That hurt worse. Even as it had in the panic room, the comfort hurt worse, but now more so because he wasn't insane, he knew it was just him and didn't that mean the part of him that had loved the power and the strength and the control was still there, soothing him back into-
"You're not my mom," he said, and heard his voice crack a little. Mary (she felt so real) smoothed his hair back again.

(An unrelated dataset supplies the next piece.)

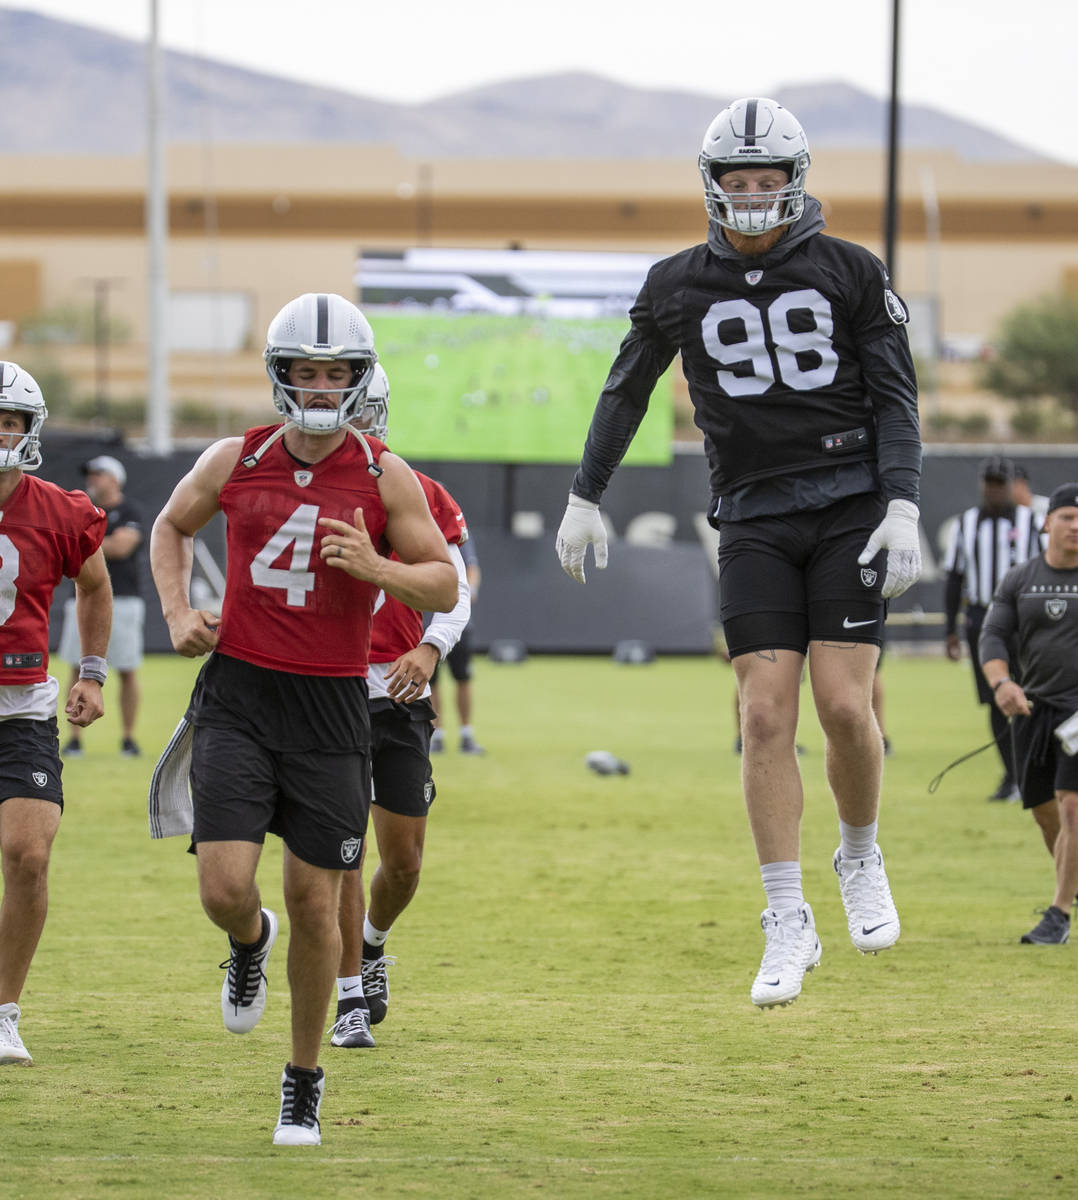 Raiders defensive end Maxx Crosby (98) leaps in the air as quarterback Derek Carr (4) runs alon ...

"No," she said kindly. "But I'm the closest thing you'll ever have."
~.~
Lose my number.
He'd pled research but ended up just walking, nowhere in particular. There'd be no point in trying to research when he couldn't focus, all he could think about the words circling in his head.
Done trying to save you.
Dean fell in step beside him. "What's the point of giving you a second chance, anyway?" he said. "You'd only waste it."

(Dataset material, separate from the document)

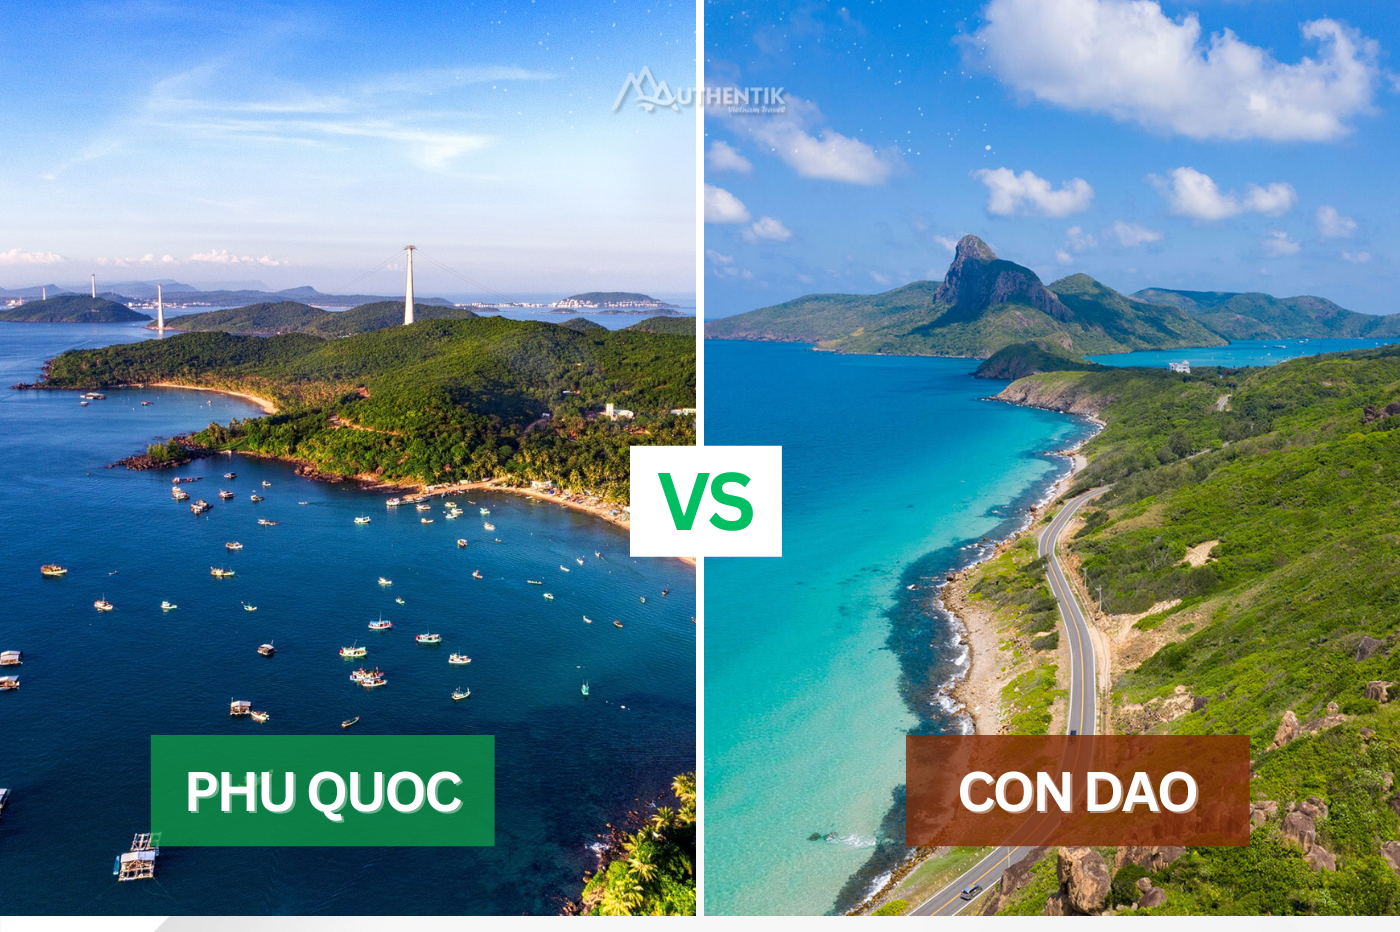 Phu Quoc ou Con Dao ? Quelle est la meilleur île pour un séjour balnéaire au Vietnam ?

"Dean," Sam started to say, and stopped. This wasn't Dean. He needed to remember that. Though he wasn't sure it mattered. Neither of them was going to listen to him, even if he'd known what he was supposed to say.

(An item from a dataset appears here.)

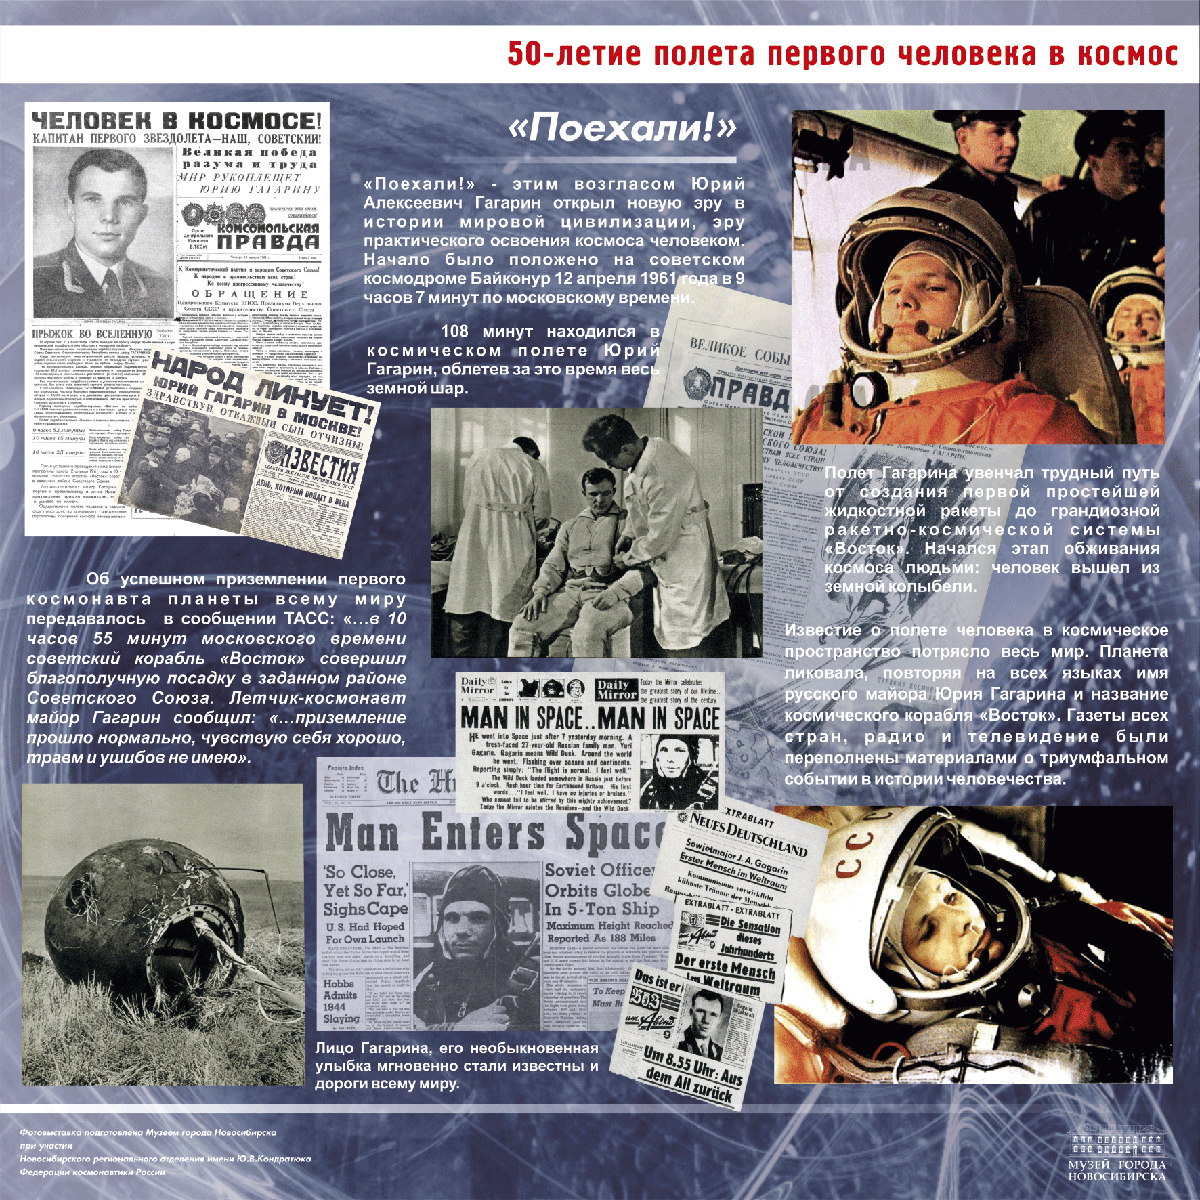 Юбилей первого полета в космос. 1961 Первый полет человека в космос. Полет Гагарина в космос 12 апреля 1961. 60 Летие полета Гагарина в космос.

"I should've just wasted you in that church. Or in the basement at Bobby's house, before we came to this. The end of the fucking world, Sammy." Dean snorted and shook his head. "You just couldn't listen to me, could you?"
"I'm sorry," Sam said, quietly, and not knowing why he bothered.
"I know you are," Dean said, and stuck a knife in Sam's kidneys. Sam felt it slice all the way down to his core, the pain as real as the warmth of Mary's hand. "And you're going to be a whole lot sorrier."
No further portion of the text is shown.